Syntax of a delete Statement:

DELETE FROM table [WHERE condition]

Truncate

Truncate drops all the records in a table. But as it is a DDL statement data cannot be retrieved. Usually truncate is faster than delete statement because there is no need to change or update the UNDO table space with the deleted records. Truncate is an implicit commit Statement. Truncate statement deal locates the space.

Actions of Truncate Statement

  • Removes all the records from the current table space.
  • Updates the indexes.
  • High watermark of the truncated table is reset.
  • Integrity Constraint checks are performed

Syntax of a Truncate Statement:

TRUNCATE TABLE table_name;

DROP STATEMENT

A drop statement removes the table object from the database. Structure and the data will be removed from the database.
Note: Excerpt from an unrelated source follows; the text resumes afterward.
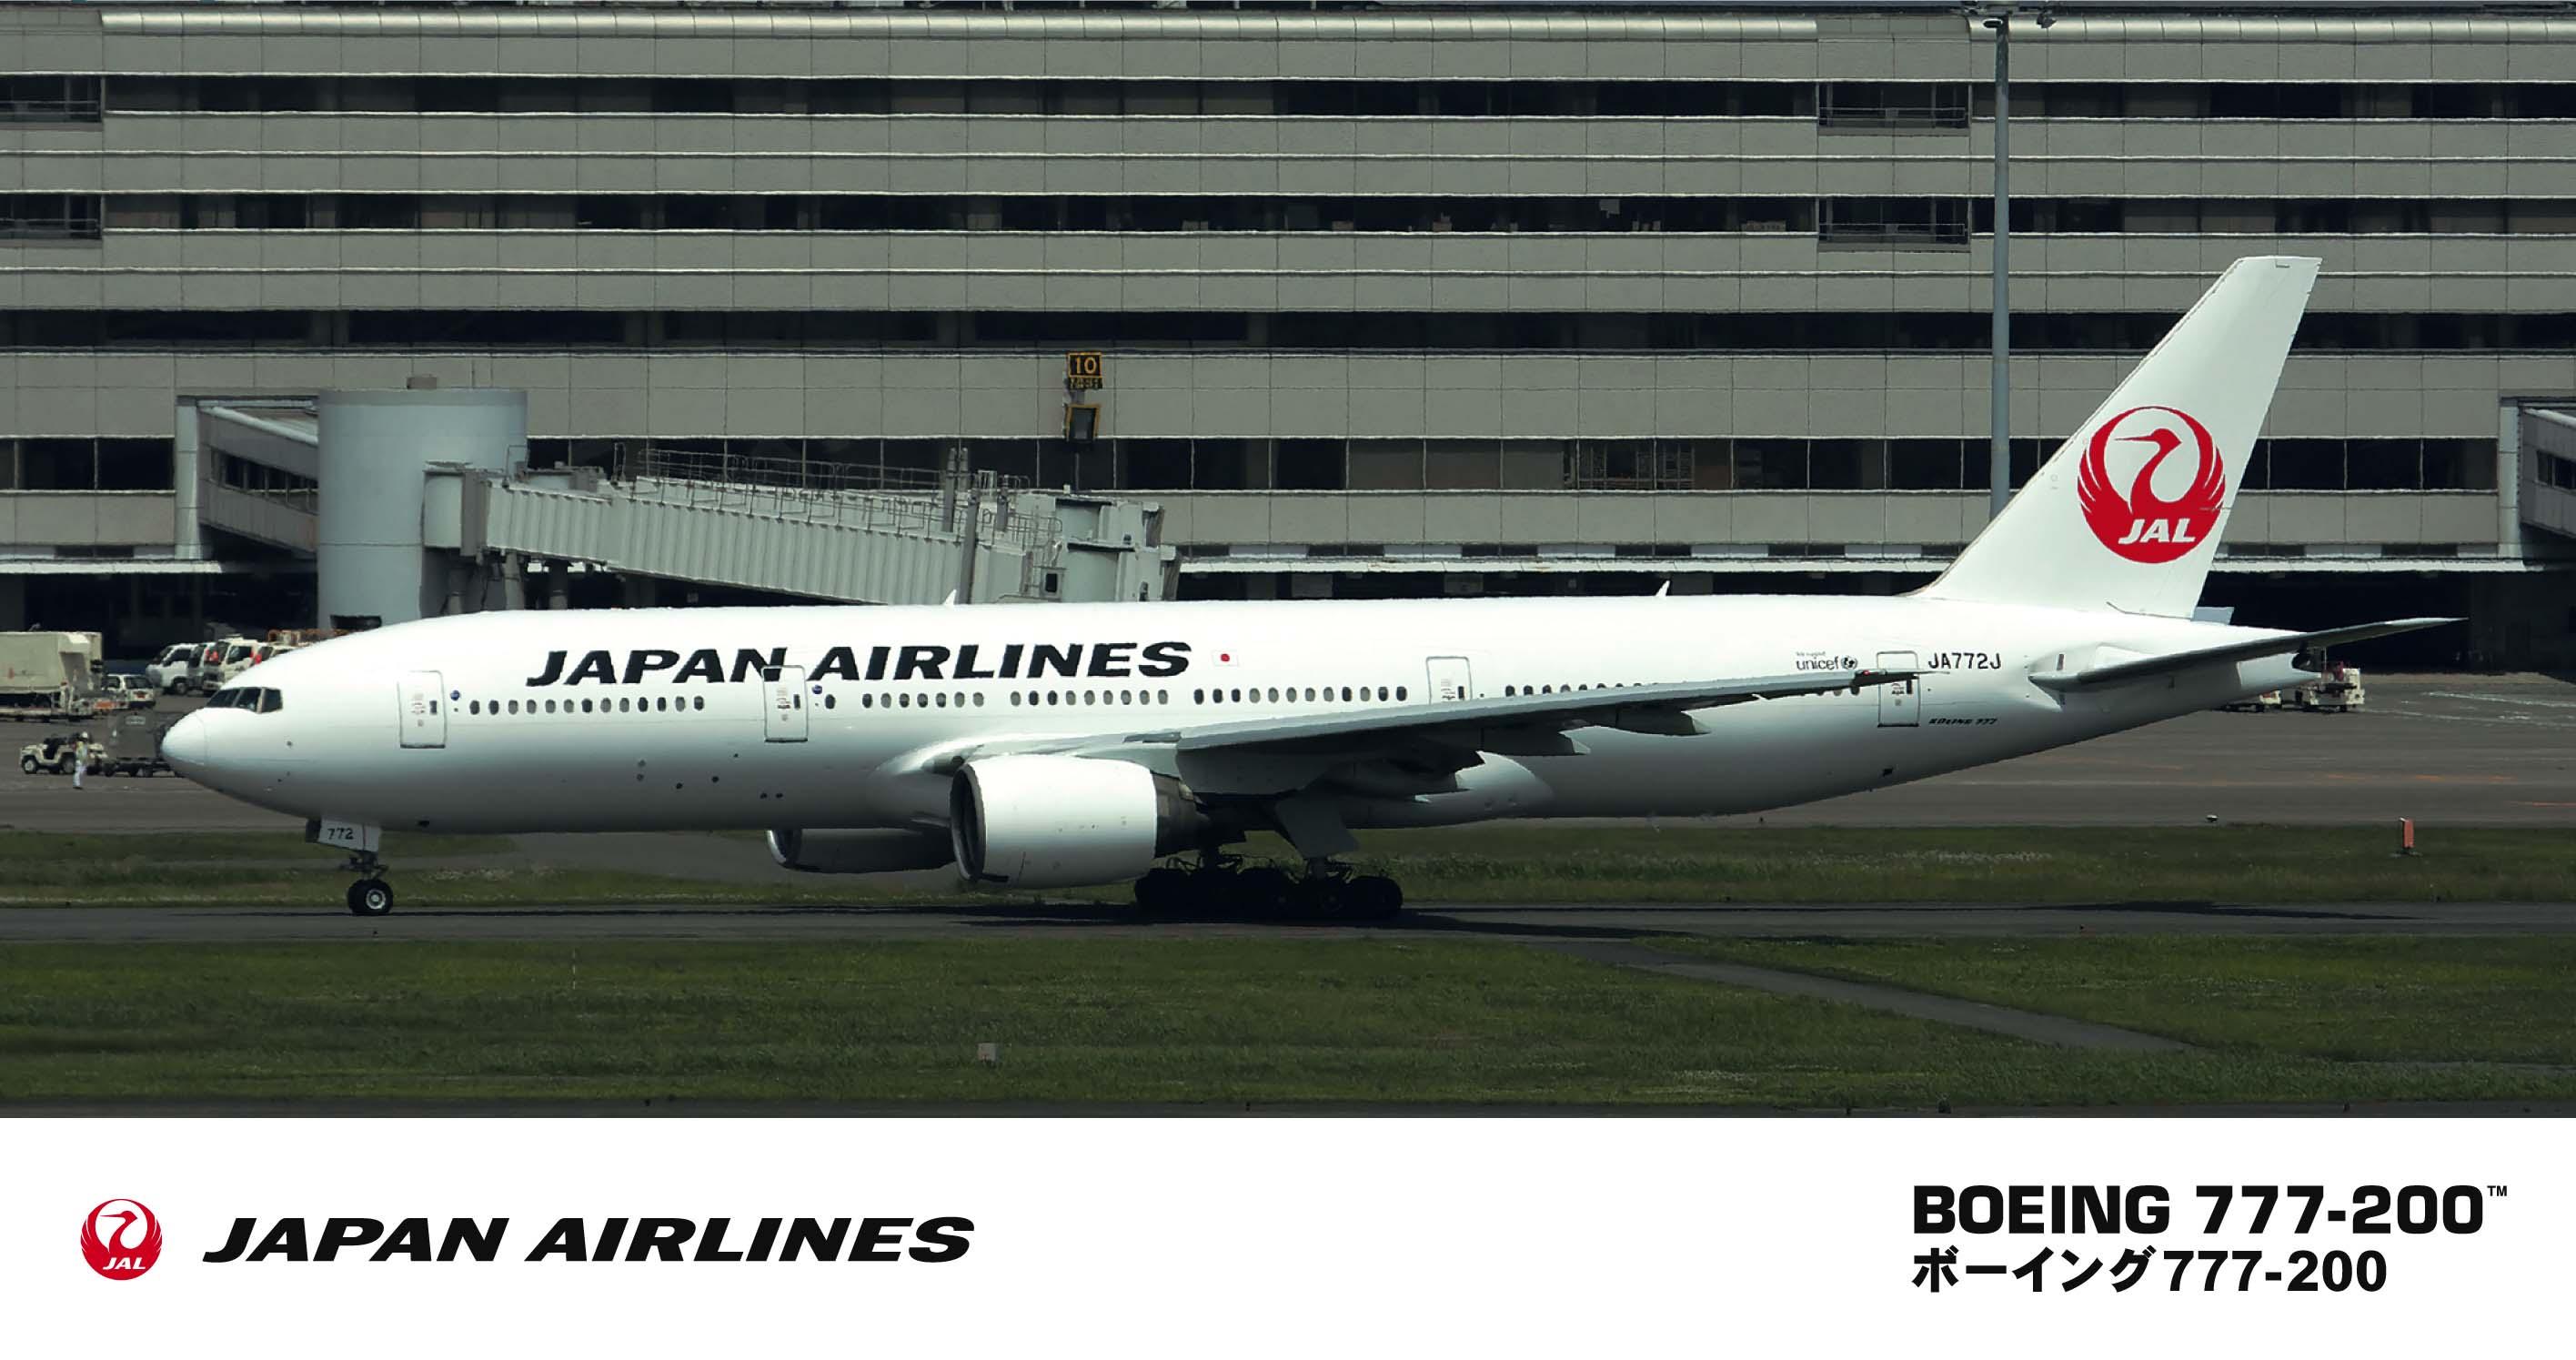 Hasegawa 1/200 Jal B777-200 (New Logo Marking)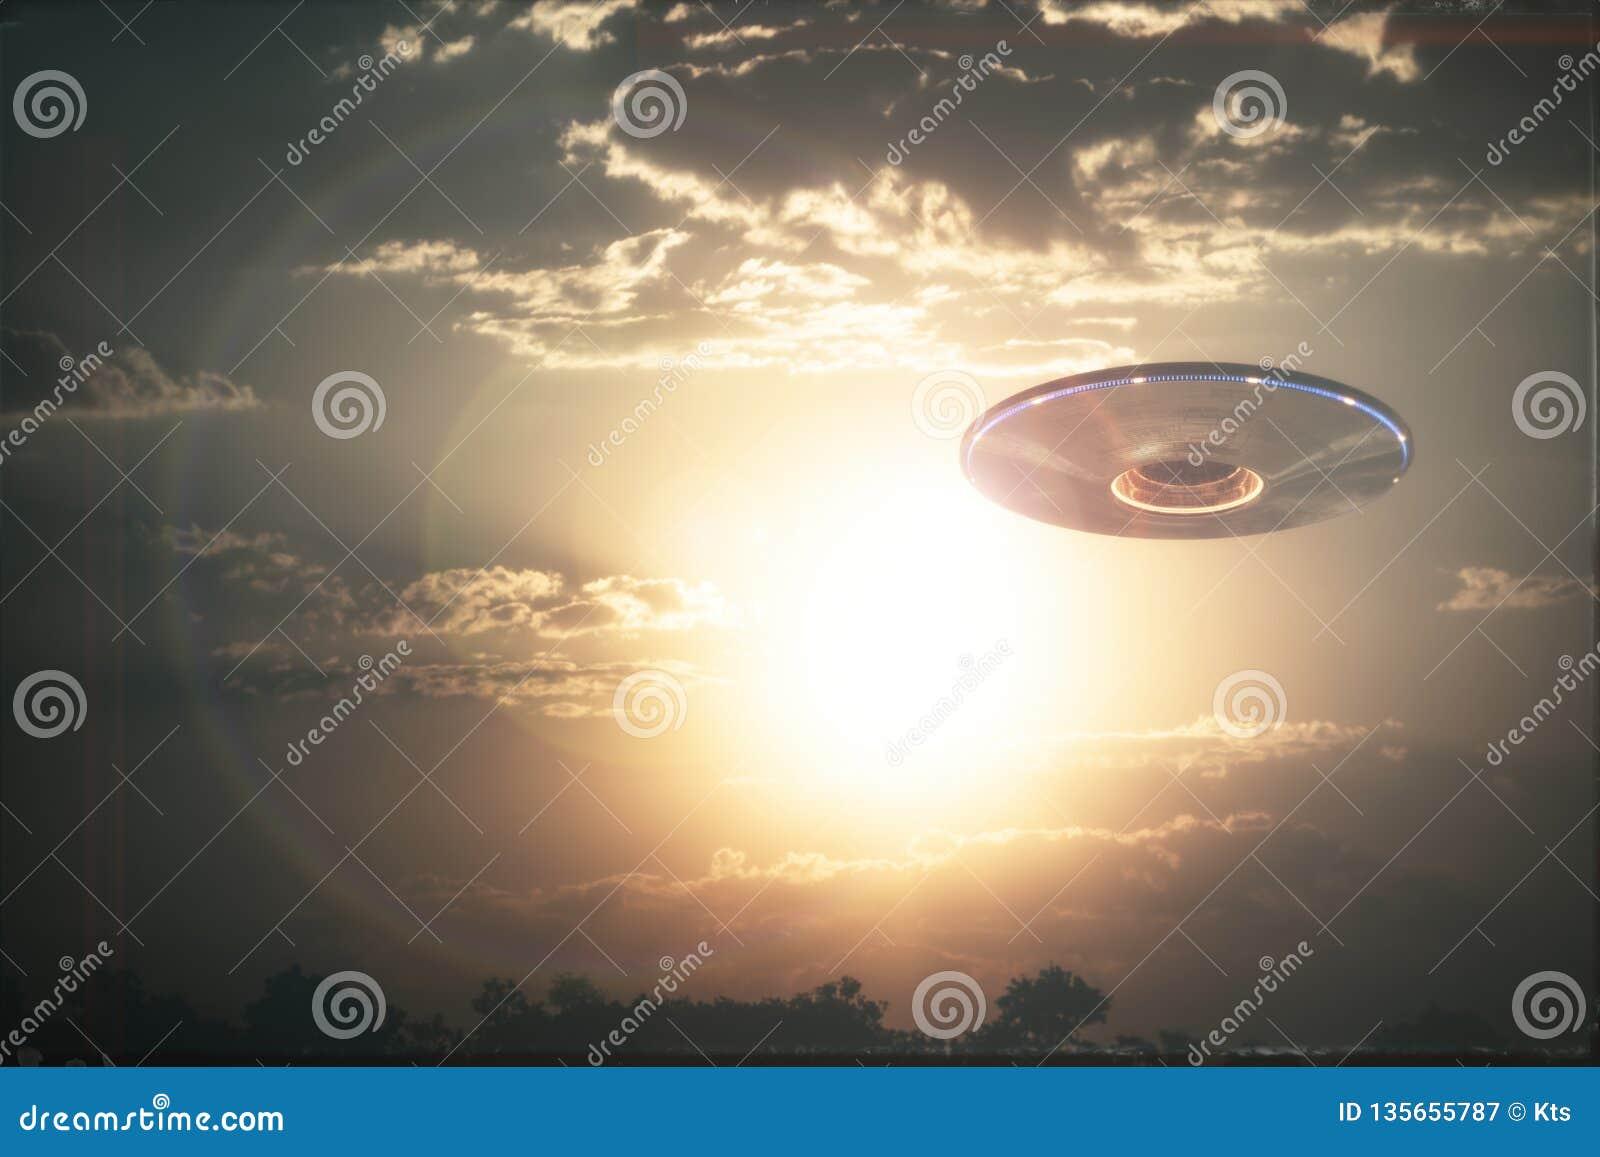 Unidentified Flying Object UFO Stock Image - Image of sightings

Action cannot be rolled back (but only by FLASH BACK from Oracle 9i).

Actions of a Drop Statement:

  • Constraint checks are performed before dropping.
  • All the data and structure of the table will be removed.
  • Updates the corresponding data dictionary views like dba_objects, dba_tables, user_tables e.t.c.
  • Updates the Status as “INVALID” for all the dependent objects.
  • Deallocates the Space

Syntax of a Drop Statement:

DROP TABLE table_name;
DROP TABLE table_name cascade constraints;

If “cascade constraints” is specified all foreign keys that reference the table are dropped and then table is dropped.